Apparently even after 54 years, they will always be Metsies fans, trapped in adolescent nonsense, like waving those ridiculous orange towels during the finals against Kansas City.  What New Yorkers wave towels?  Maybe Nets fans.  That's the basketball team whose name was derived from Mets and Jets.  The AFL New York team was originally the Titans, apparently to mirror the New York Football Giants as the NFL team was called to distinguish it from the baseball Giants who had abandoned New York for San Francisco; this persisted several years after baseball Giants had left.  When the Titans moved into Shea Stadium with the Mets, they changed their name to Jets to rhyme with Mets.  Then came the Nets.  There was even a tennis team: Sets.  See how cutesie they can be?  But the original, even before there was the term Cubbies for the Chicago team, were the Metsies, so named by their very first manager.  See the video at the top.
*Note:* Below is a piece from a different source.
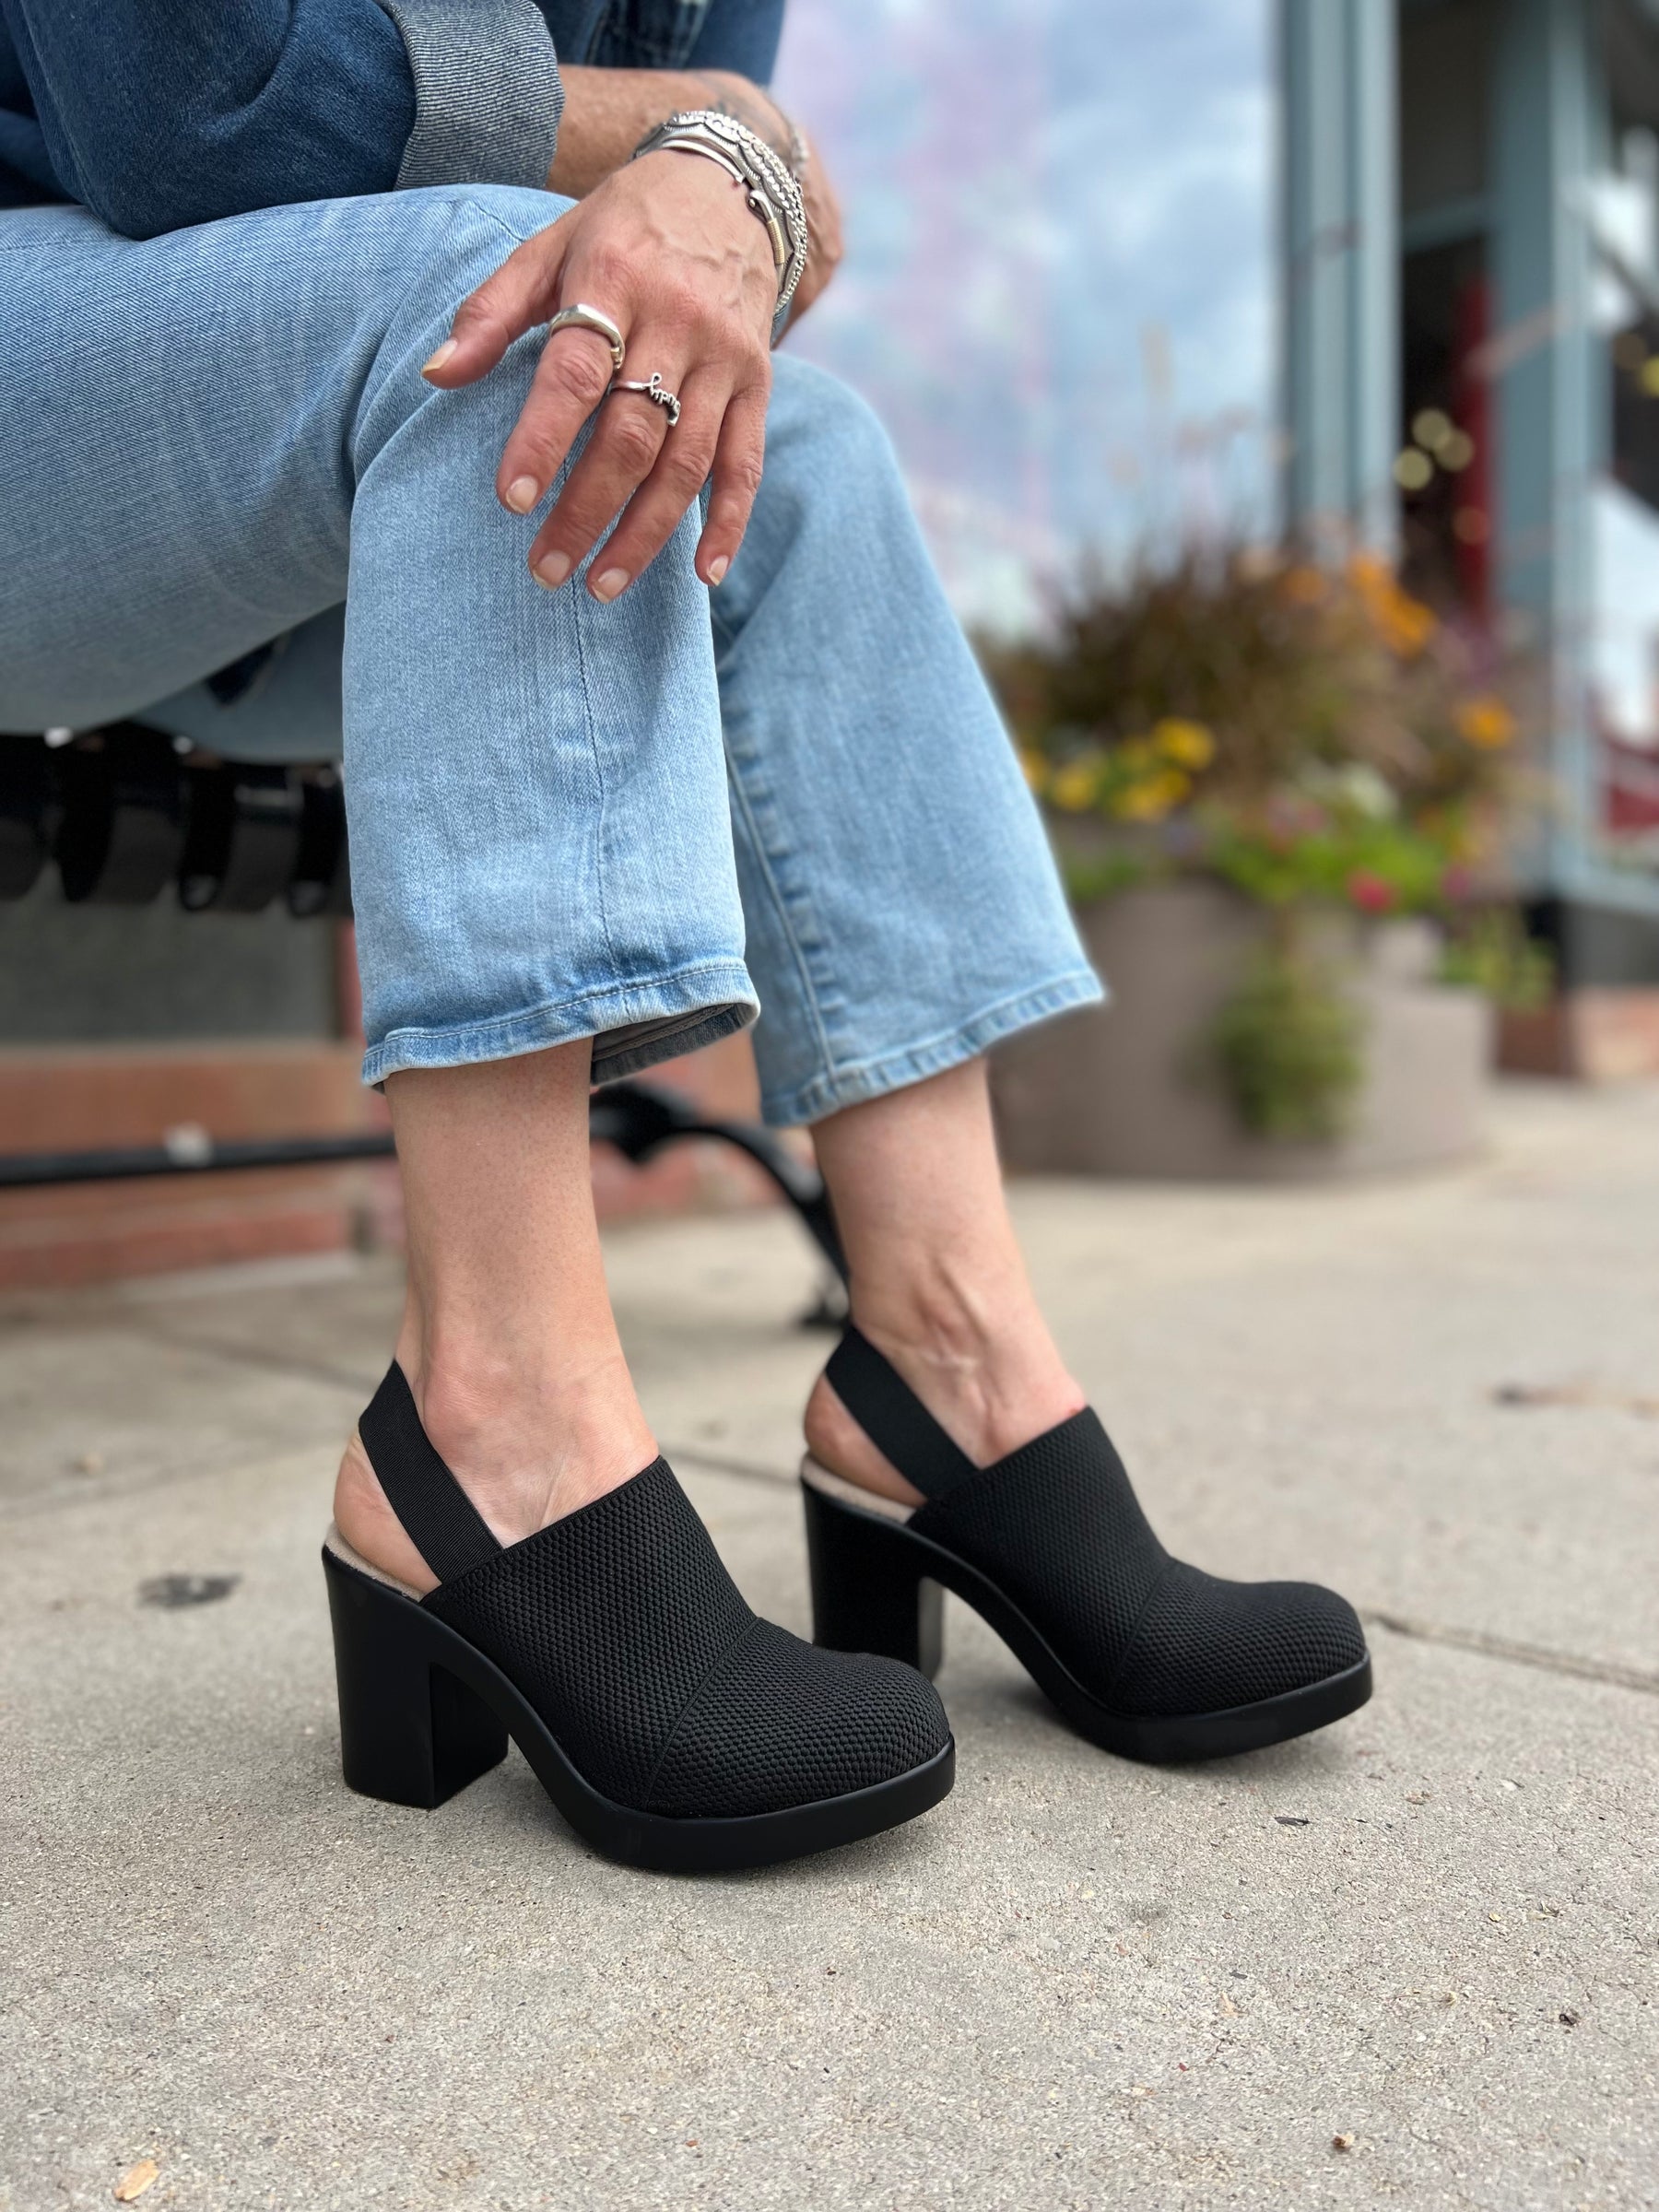 Almond Toe Flat Mule in Black, Women's Shoes

Where were all the Metsie fans six months ago?  Three months ago?  See the heat maps in The Times article quoted below:

Where the Mets Found New Fans in 2015
By JOSH KATZ and KEVIN QUEALY OCT. 31, 2015 The New York Times

When we published a national map of baseball fandom last year, based on Facebook data, it contained a painfully sad fact for Mets fans: In every ZIP code across every borough of New York, the Yankees were more popular than the Mets.

The same was true on Long Island and in Westchester, northern New Jersey and Connecticut, and the same remains true today, with the Mets unable to claim the most total likes in any ZIP code.

But now we come back to Mets fans with better news: The team has increased its footprint across the city in 2015, and, among new fans, the Mets were the most popular team across much of Brooklyn and Queens and on most of Long Island...

Finally, a reminder on how we make these maps: Pinning down regional sports allegiance can be an inexact science. Fans don’t make their preferences known on, say, the census, and polls of team preferences are scarce. But millions of fans do make their preferences public on Facebook by “liking” a team. Using data aggregated by the company, we measured fans’ allegiance to a team in each ZIP code. To get numbers for the most recent fans, we looked at “likes” over the last six months. We then applied an algorithm to smooth the data and fill in gaps where data was missing. (Imperfect as Facebook “likes” are, they do broadly line up with other data.)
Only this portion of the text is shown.